Transcribe only the lines of the listing below from the one holding "Christian Louboutin Hot" through the one holding "Taxi services in Delhi NCR", inclusive, without any change.

Material for this task>
== Segment start ==

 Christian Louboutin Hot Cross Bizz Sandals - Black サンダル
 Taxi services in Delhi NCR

== Segment end ==
== Segment start ==

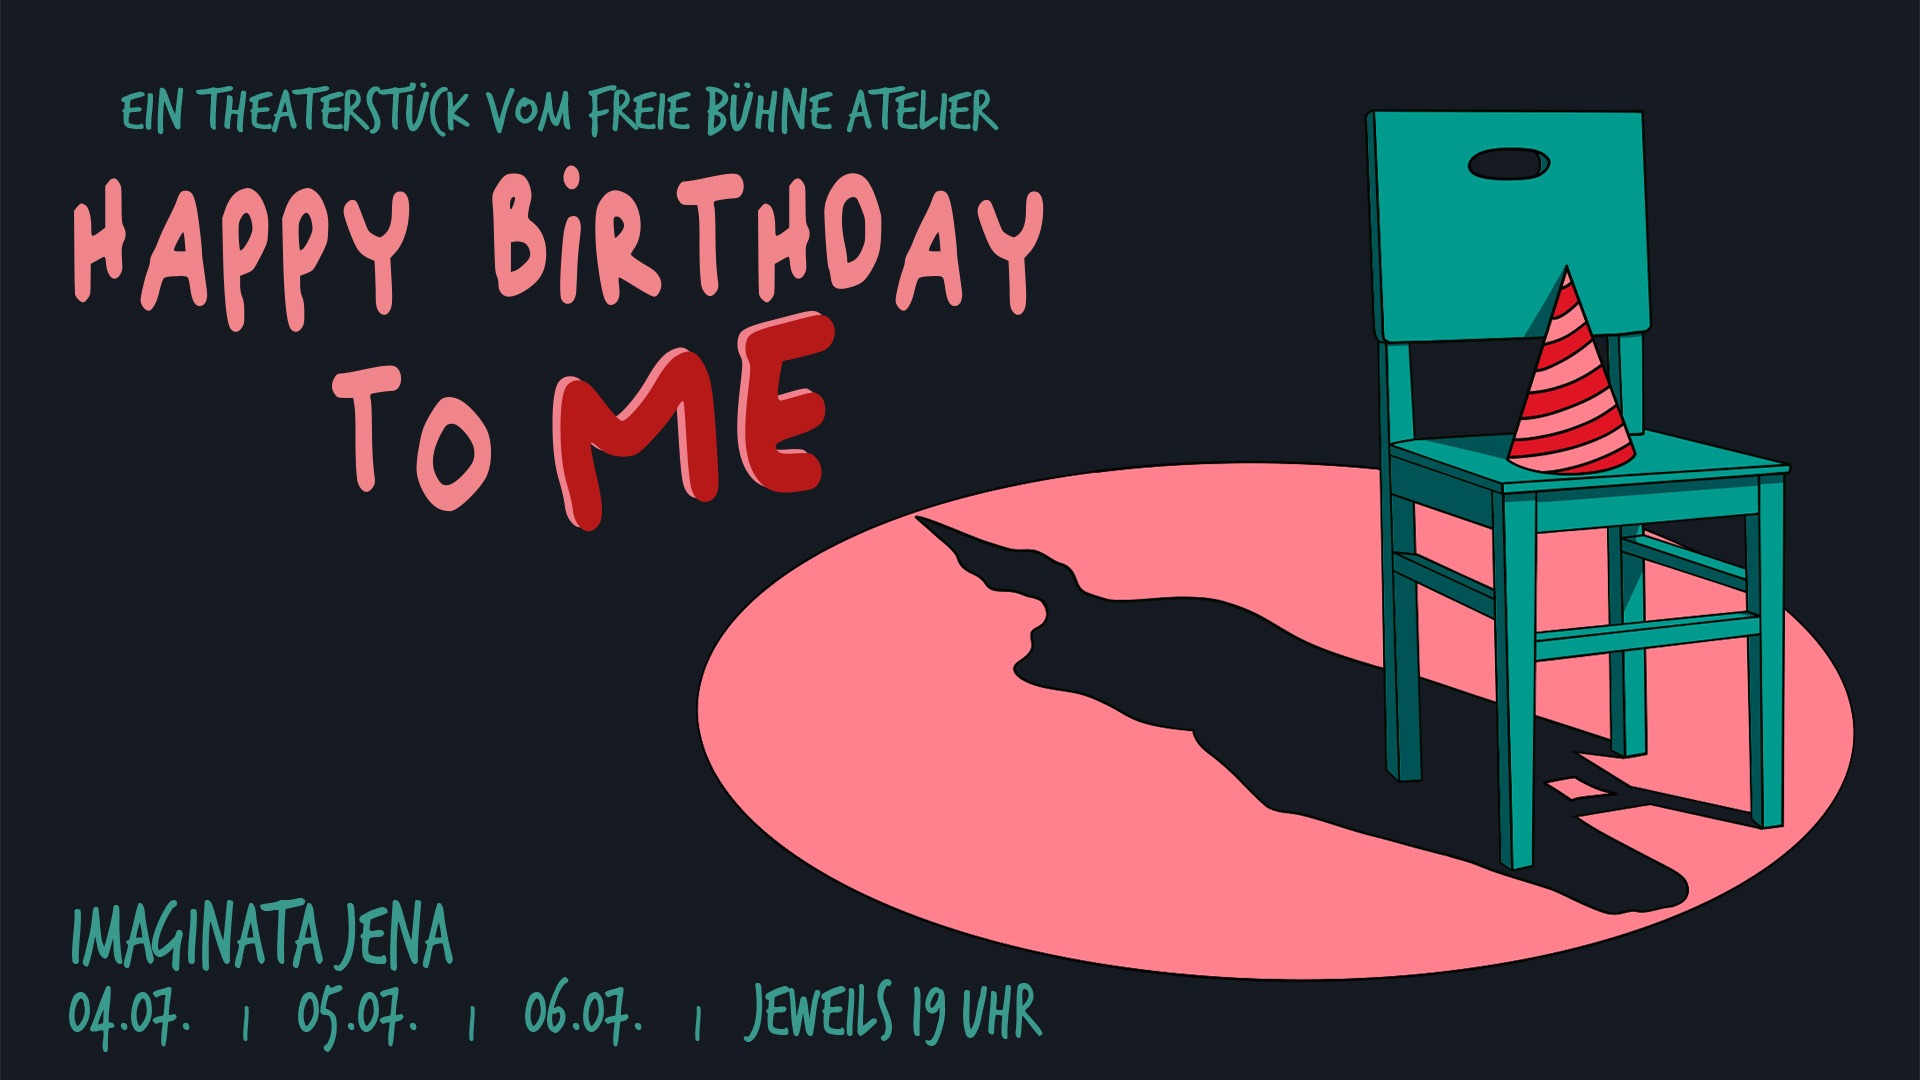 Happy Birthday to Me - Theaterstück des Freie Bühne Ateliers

== Segment end ==
== Segment start ==

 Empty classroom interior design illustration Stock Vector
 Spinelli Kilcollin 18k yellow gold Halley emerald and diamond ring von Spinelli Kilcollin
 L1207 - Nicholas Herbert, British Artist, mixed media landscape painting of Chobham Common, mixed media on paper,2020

== Segment end ==

Answer section>
 Christian Louboutin Hot Cross Bizz Sandals - Black サンダル
 Taxi services in Delhi NCR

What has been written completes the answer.